Retype exactly what appears below from the line containing "2024 Daytona Bike" down to the line containing "Free Printable Sudoku", keeping both end lines. Do not include pictures.
-------- PROVIDED DATA
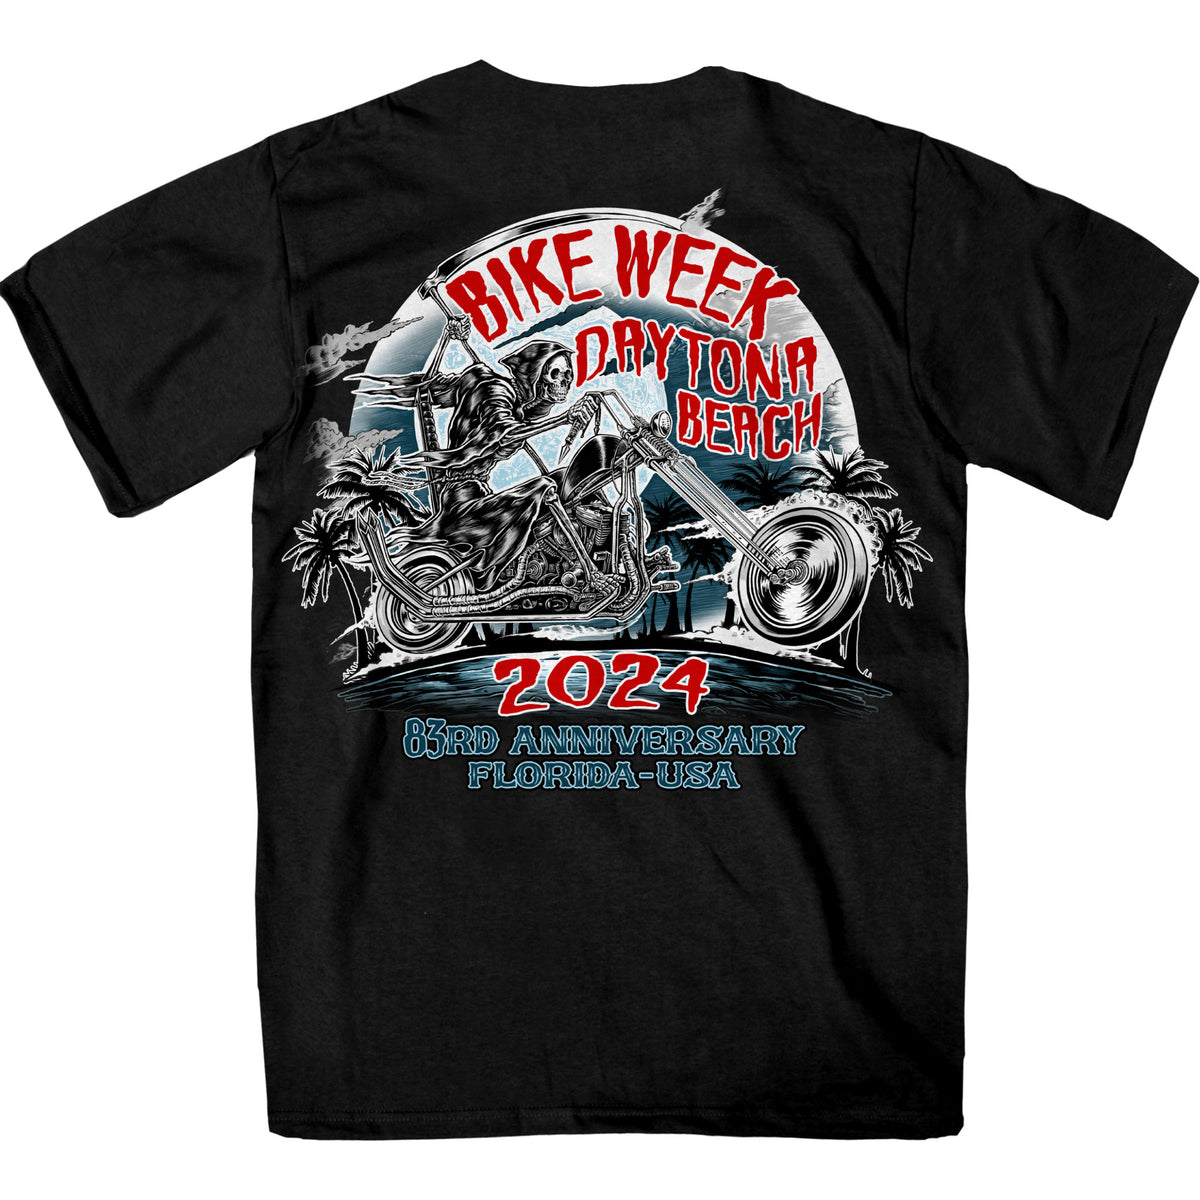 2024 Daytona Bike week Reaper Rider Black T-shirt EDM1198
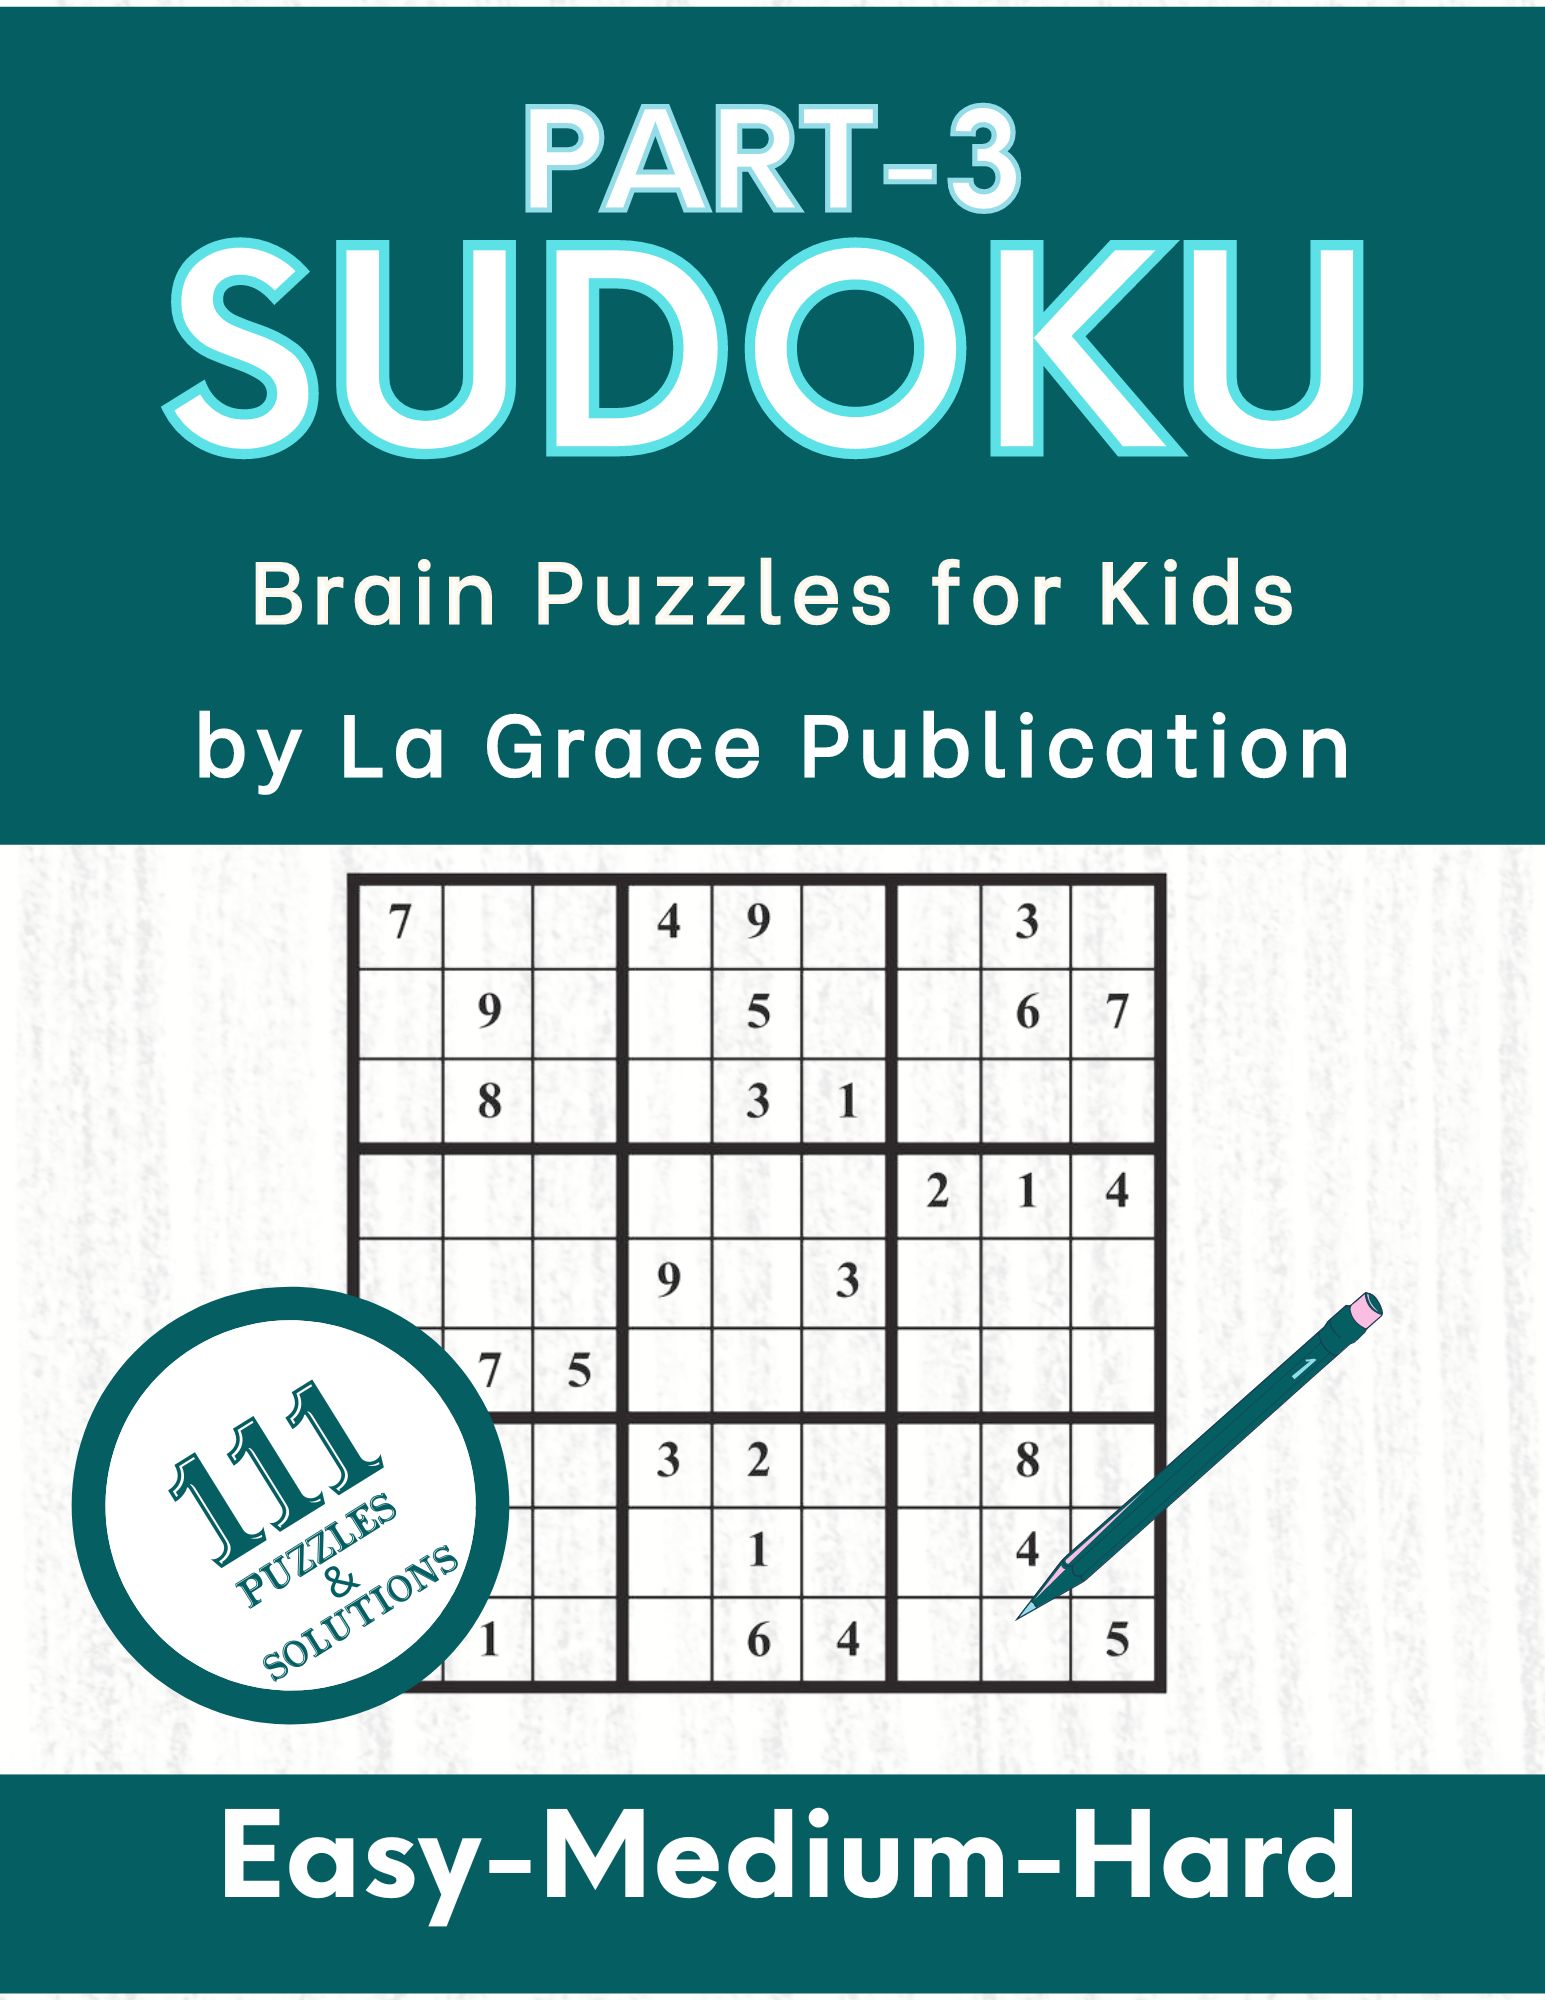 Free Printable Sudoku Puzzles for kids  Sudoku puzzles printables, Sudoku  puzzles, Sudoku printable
----------------
-------- PROVIDED DATA
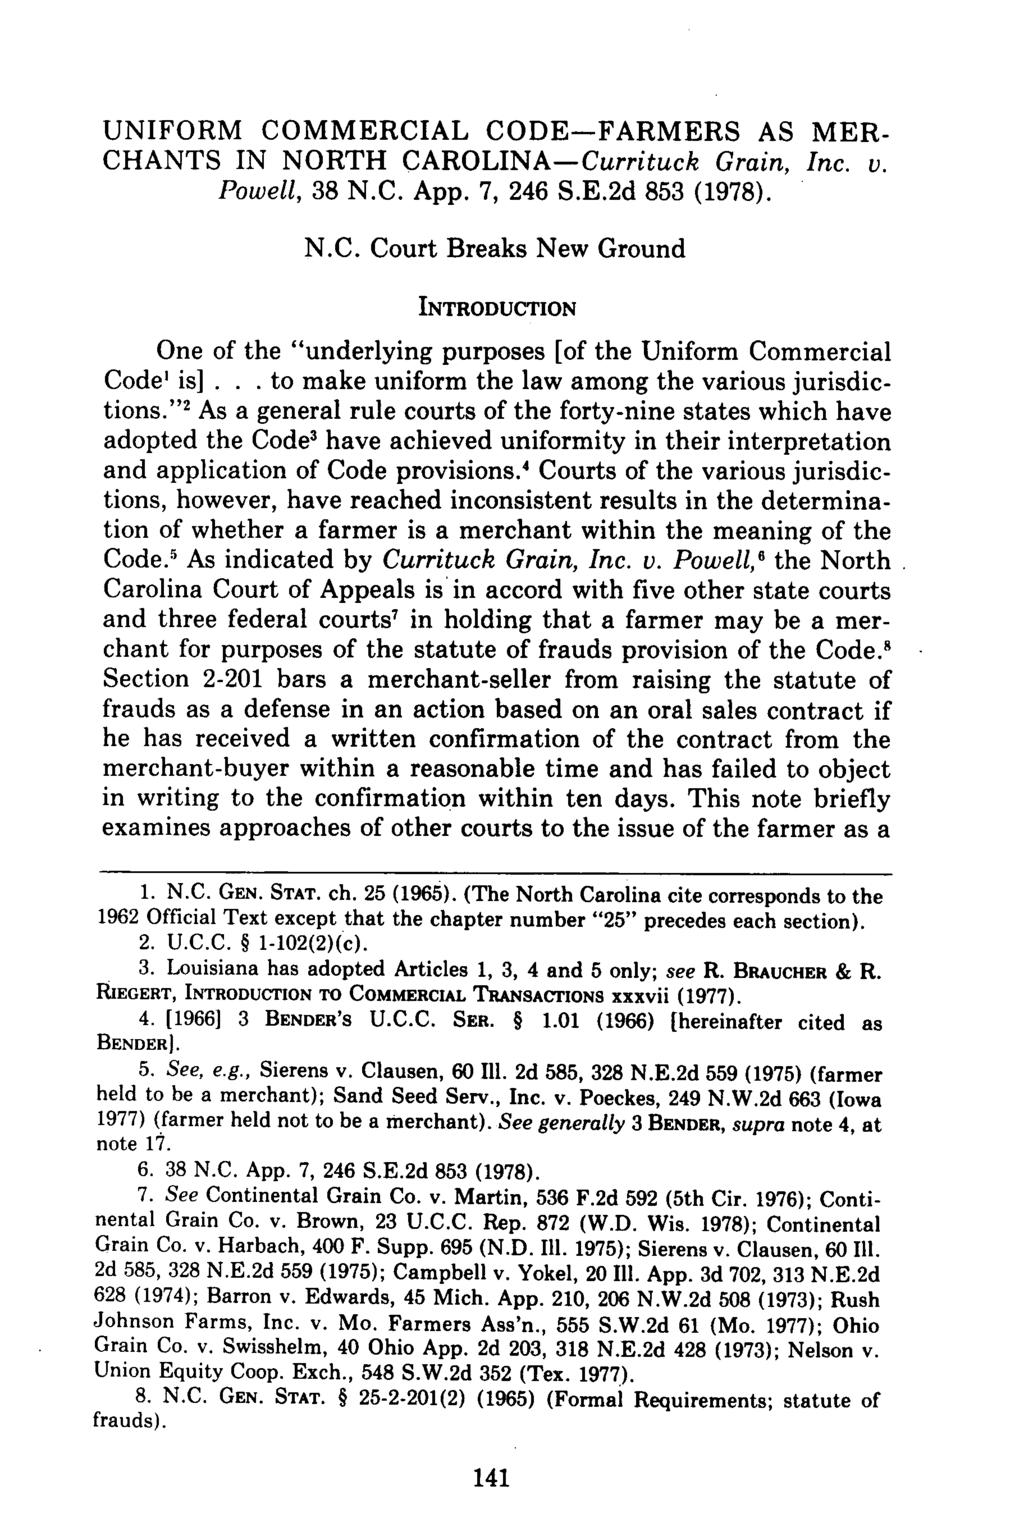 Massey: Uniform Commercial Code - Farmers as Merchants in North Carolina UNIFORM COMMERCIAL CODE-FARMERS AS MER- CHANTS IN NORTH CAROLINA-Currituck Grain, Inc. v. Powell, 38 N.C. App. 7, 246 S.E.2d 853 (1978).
----------------
-------- PROVIDED DATA
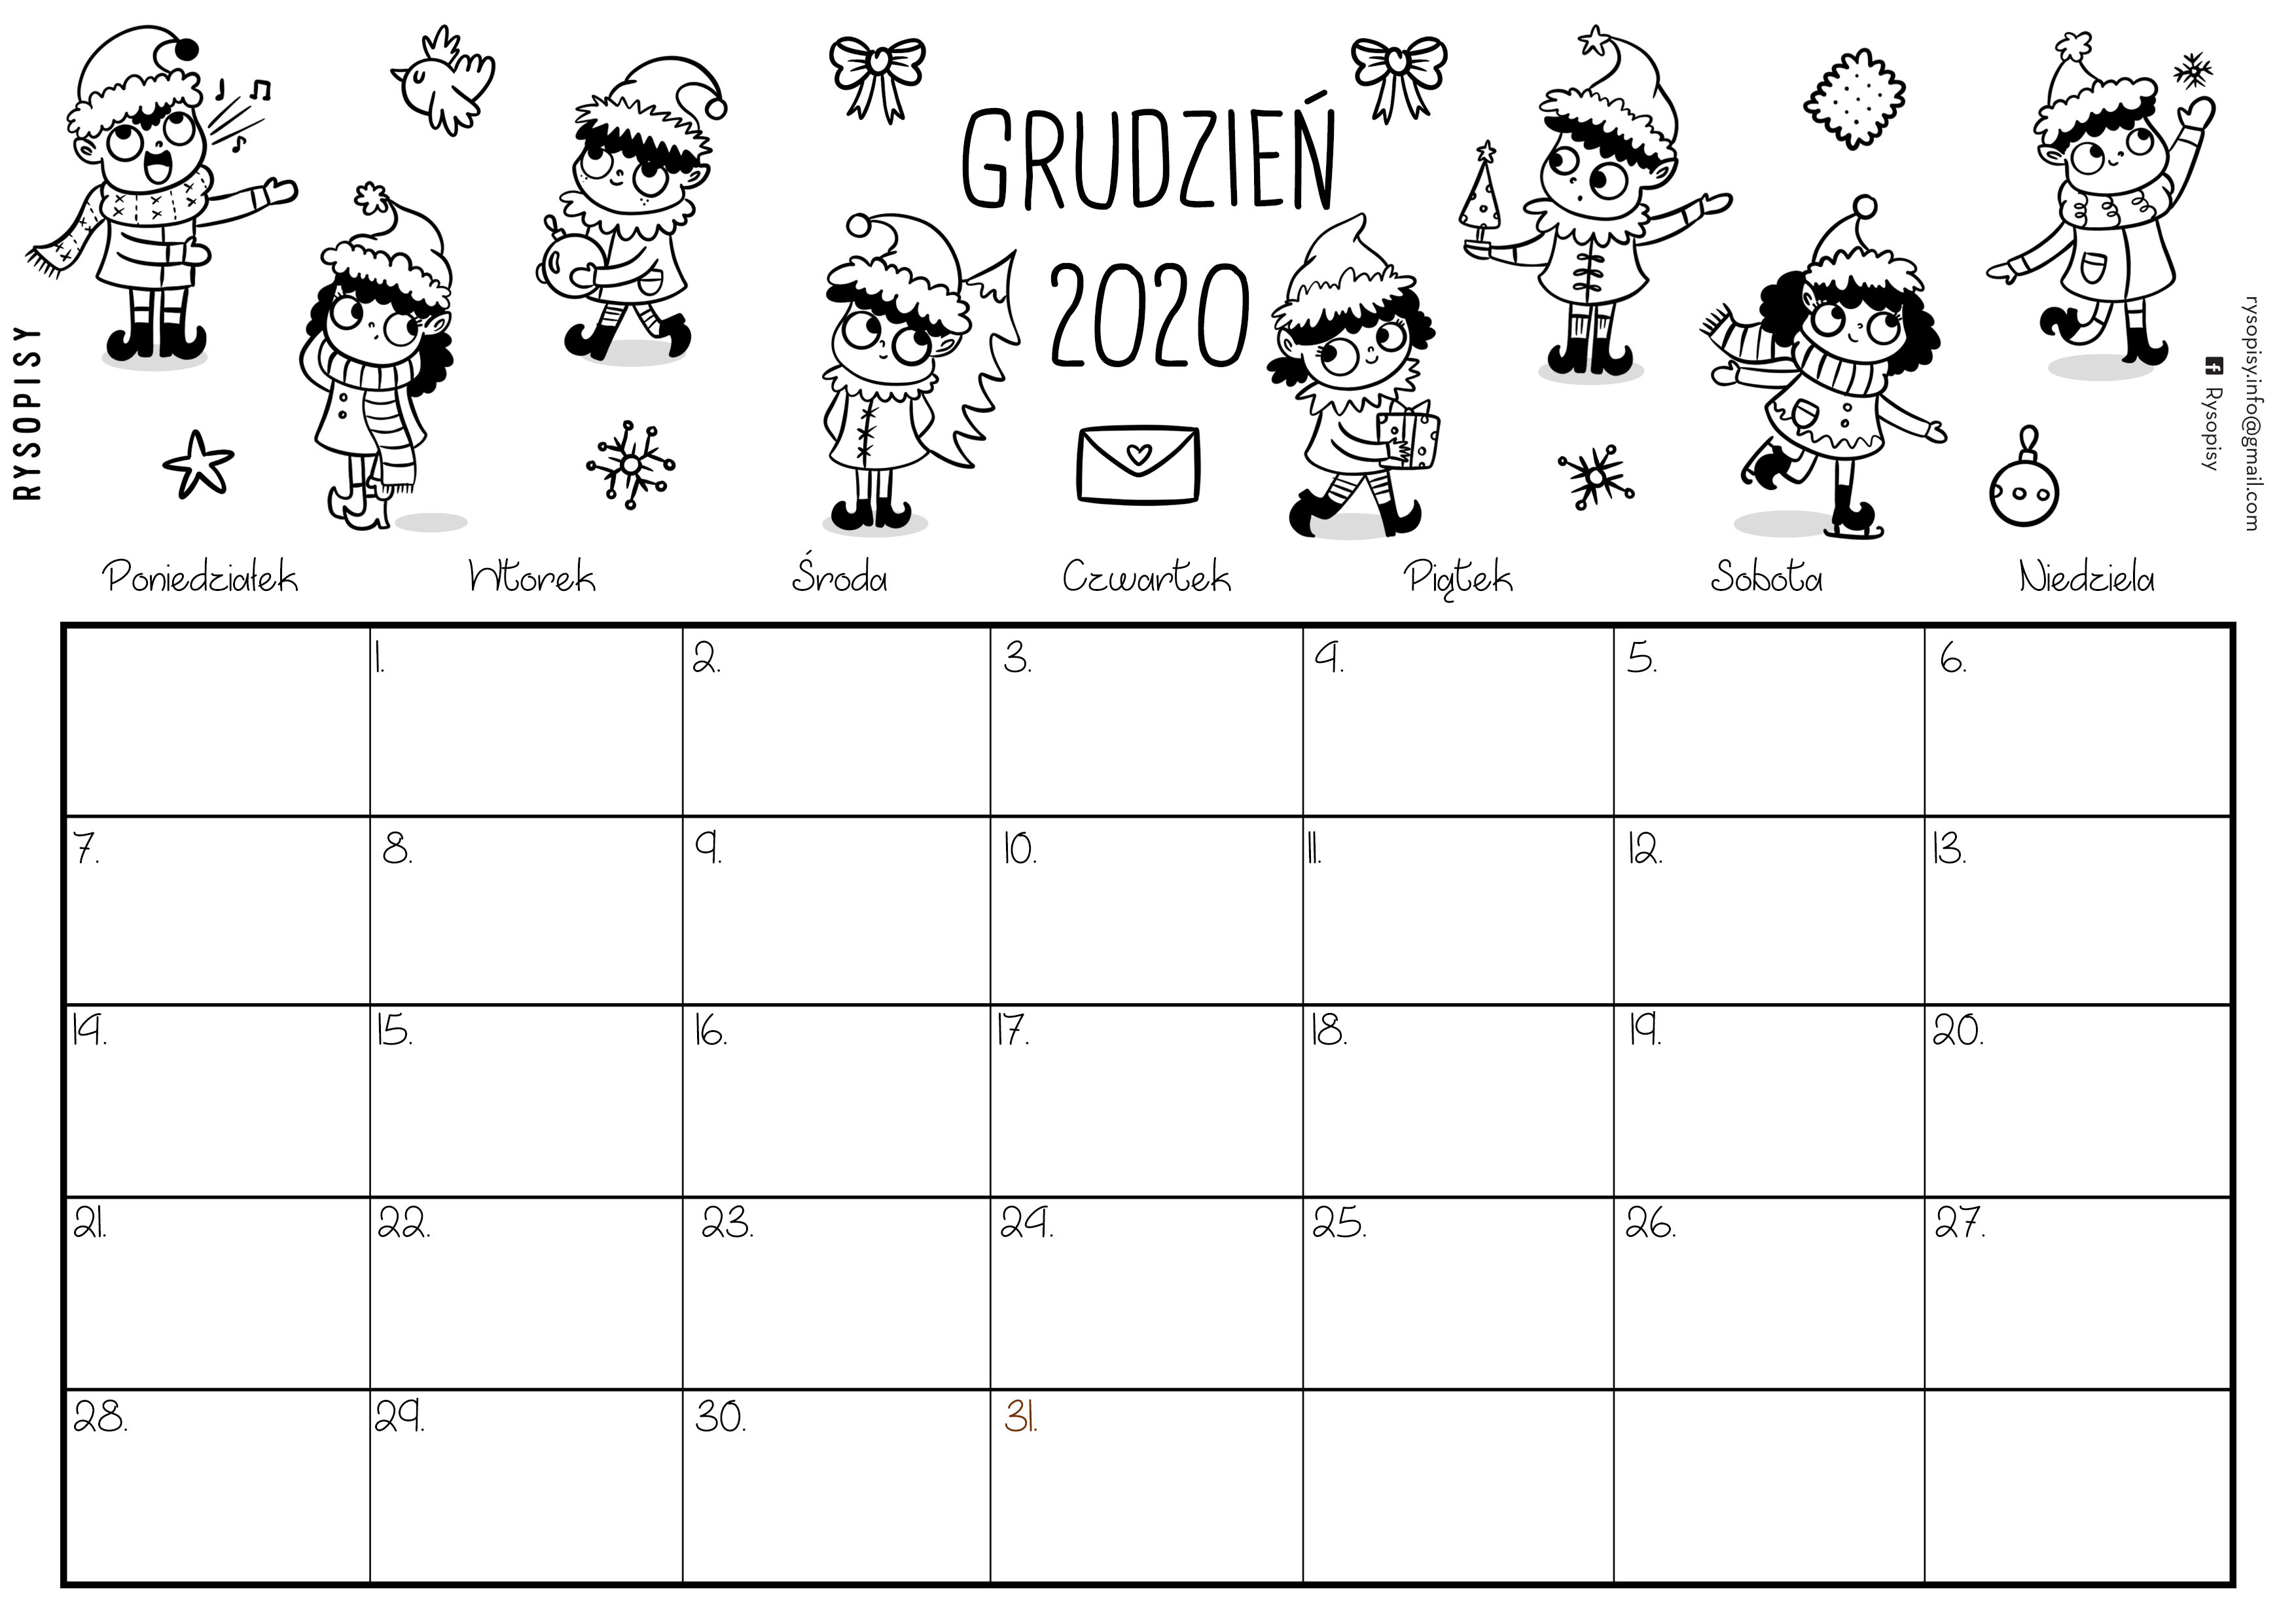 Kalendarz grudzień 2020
----------------
### EXERCISE OUTPUT
 2024 Daytona Bike week Reaper Rider Black T-shirt EDM1198
 Free Printable Sudoku Puzzles for kids  Sudoku puzzles printables, Sudoku  puzzles, Sudoku printable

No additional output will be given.